The role of reactive phosphate species in the abatement of micropollutants by activated peroxymonosulfate in the treatment of phosphate-rich wastewater

Abstract

This study investigated the mechanisms of forming reactive species to degrade micropollutants through the activation of peroxymonosulfate (PMS) by phosphate, a prevalent ion in wastewater. Considering the density functional theory results, the formation of hydrogen bonds between phosphate and PMS molecules might be the crucial step in the overall reactions, which prefers producing ^⋅OH and reactive phosphate species (RPS, namely H₂PO₄^⋅, HPO₄^⋅-, and PO₄^⋅2-) to yielding SO₄^⋅-. Besides, in the phosphate (5 mM)/PMS system at pH = 8, HPO₄^⋅- was modeled to be the dominant radical with a steady-state concentration of 3.6 × 10^-12 M, which was 666 and 773 times higher than those of ^⋅OH and SO₄^⋅-. The contributions of ¹O₂, ^⋅OH, SO₄^⋅-, and RPS to the micropollutant decomposition in phosphate/PMS were studied, and RPS were found to be selective for micropollutants with electron-donating moieties (such as phenolic and aniline groups).

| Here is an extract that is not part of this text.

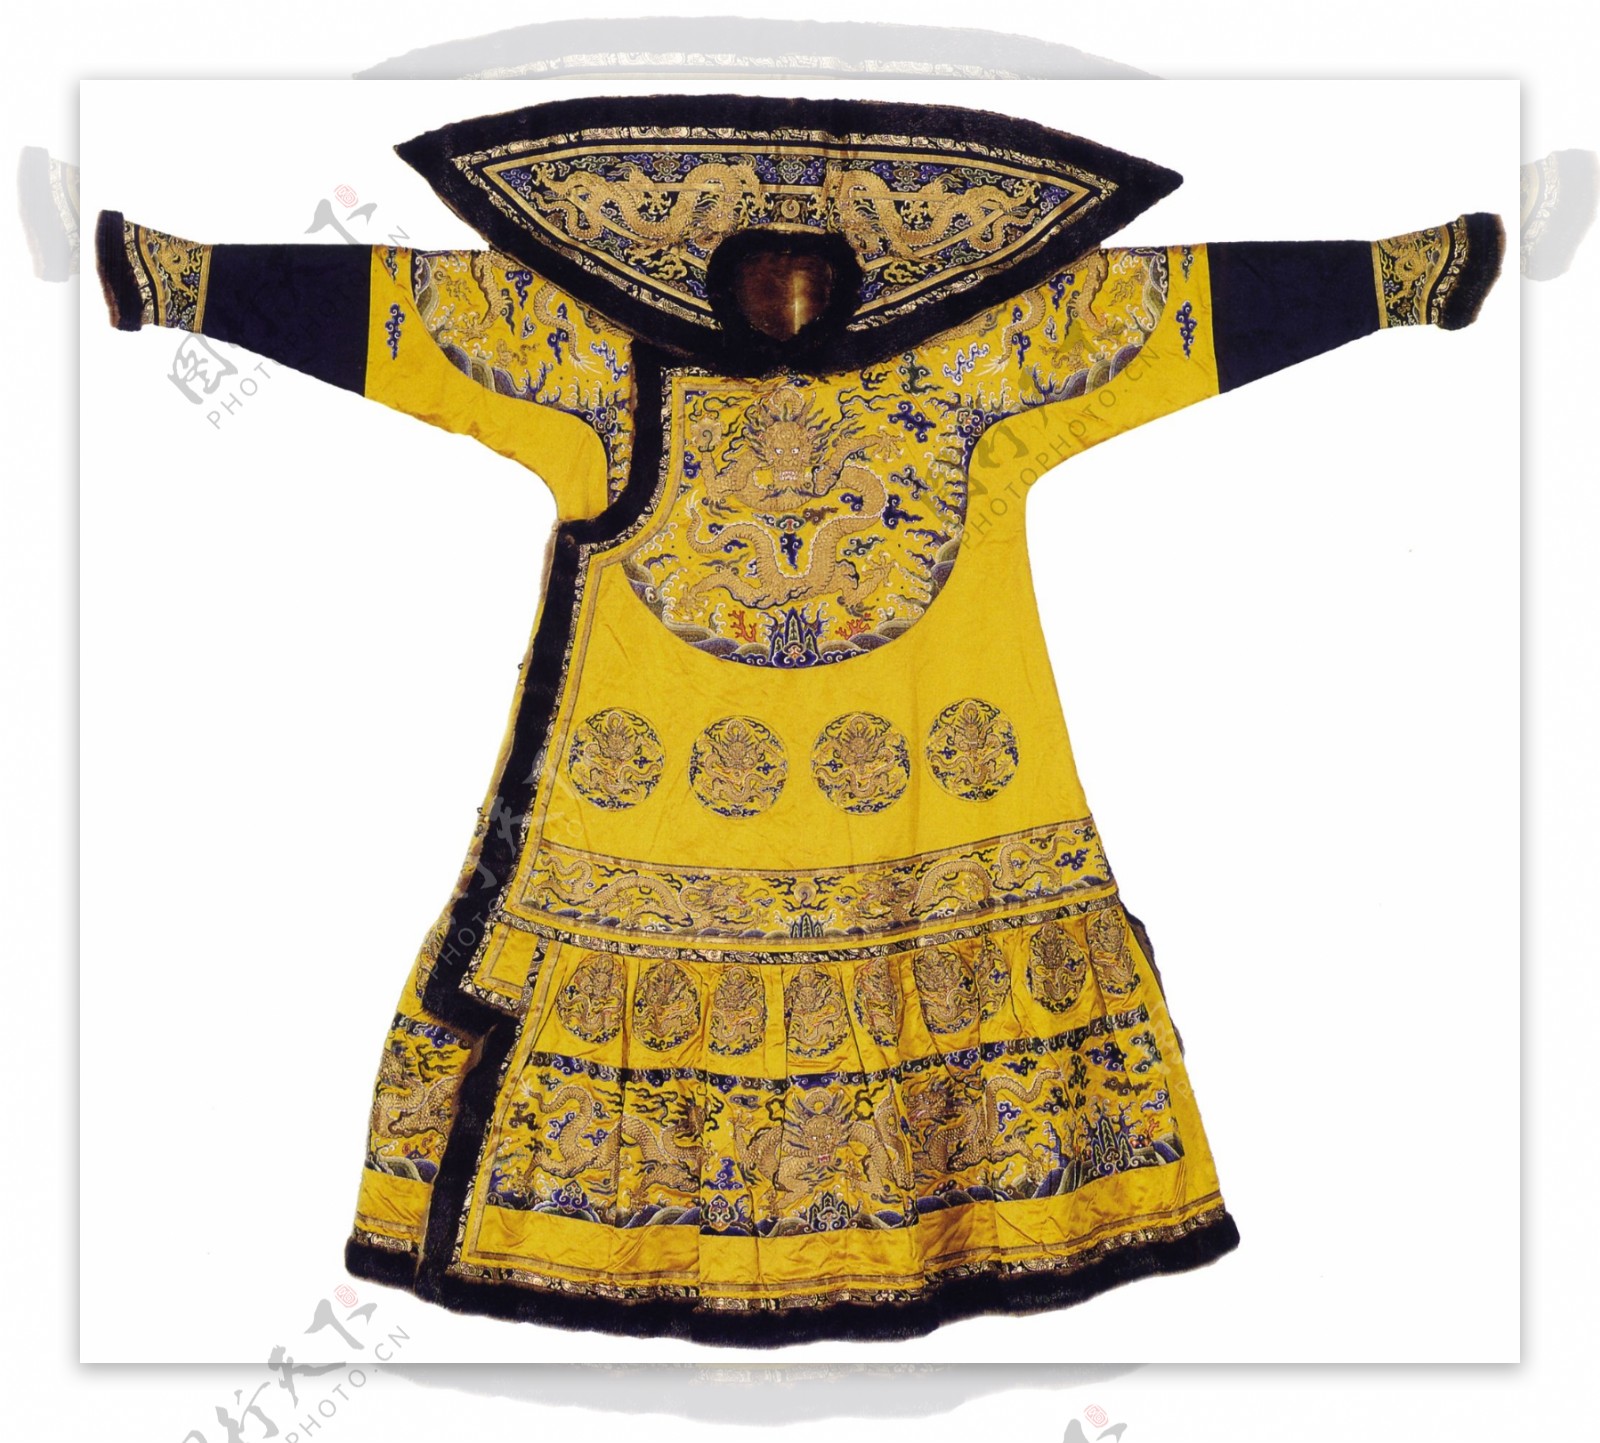 中式龙袍布纹贴图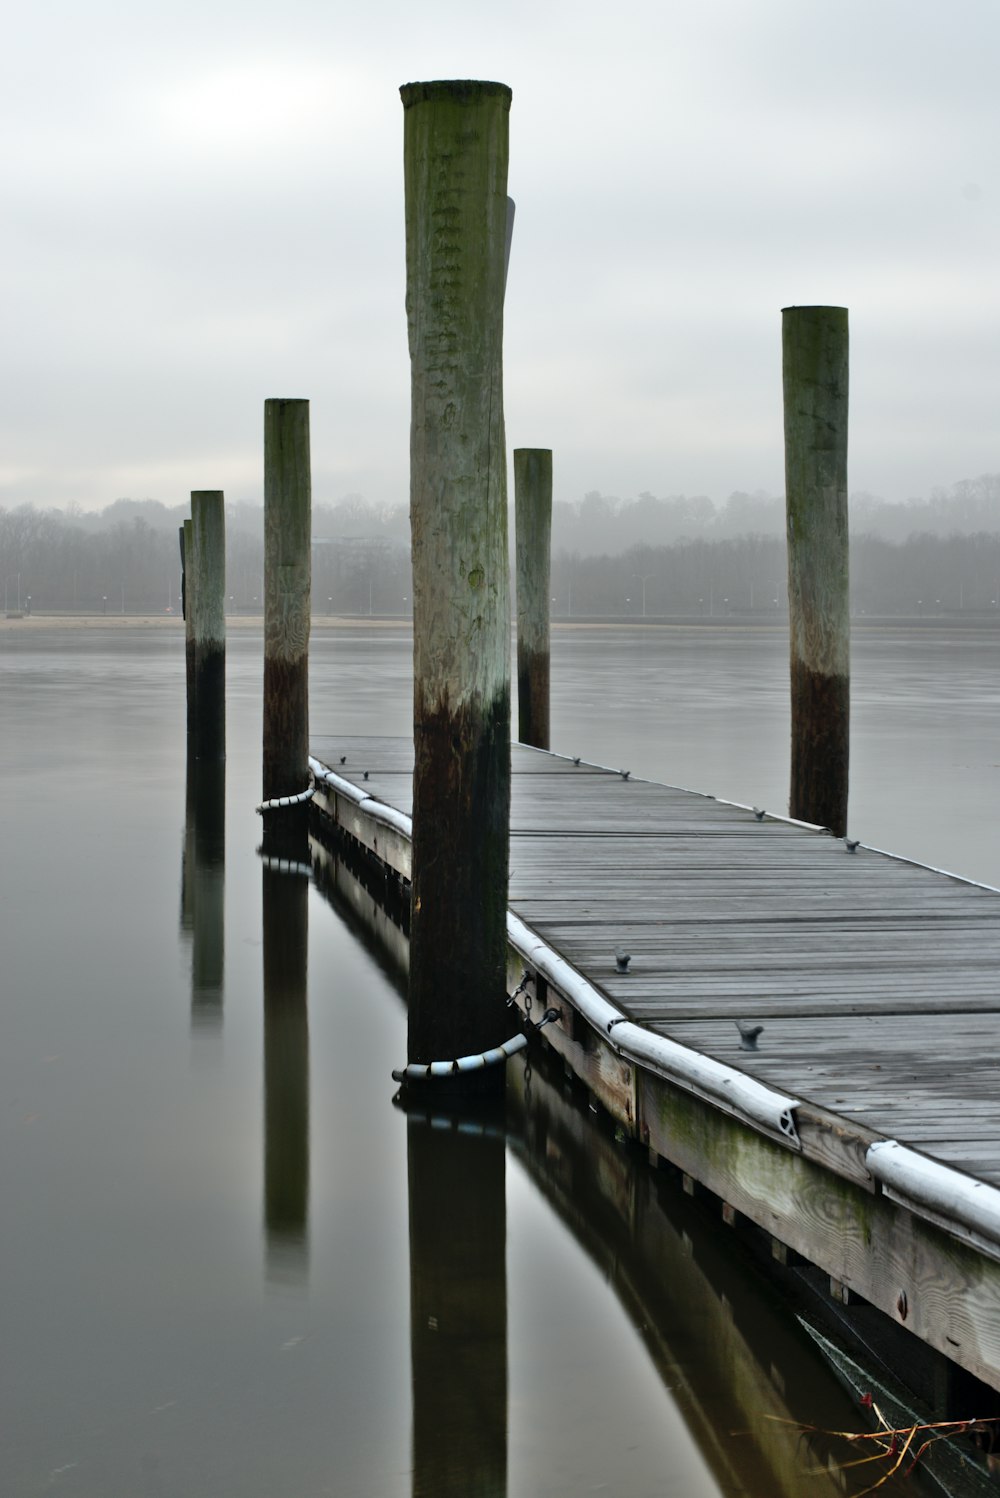 brown wooden dock photo across body of water

Additionally, the degradation pathways of bisphenol A, diclofenac, ibuprofen, and atrazine in phosphate/PMS were proposed according to the detected transformation products. Cytotoxicity analysis was carried out to evaluate the potential environmental impacts resulting from the degradation of micropollutants by phosphate/PMS. This study confirmed the significance of RPS for micropollutant degradation during PMS-based treatment in phosphate-rich scenarios.

Keywords: Hydroxyl radical; Peroxymonosulfate; Reactive phosphate species; Sulfate radicals; Wastewater treatment.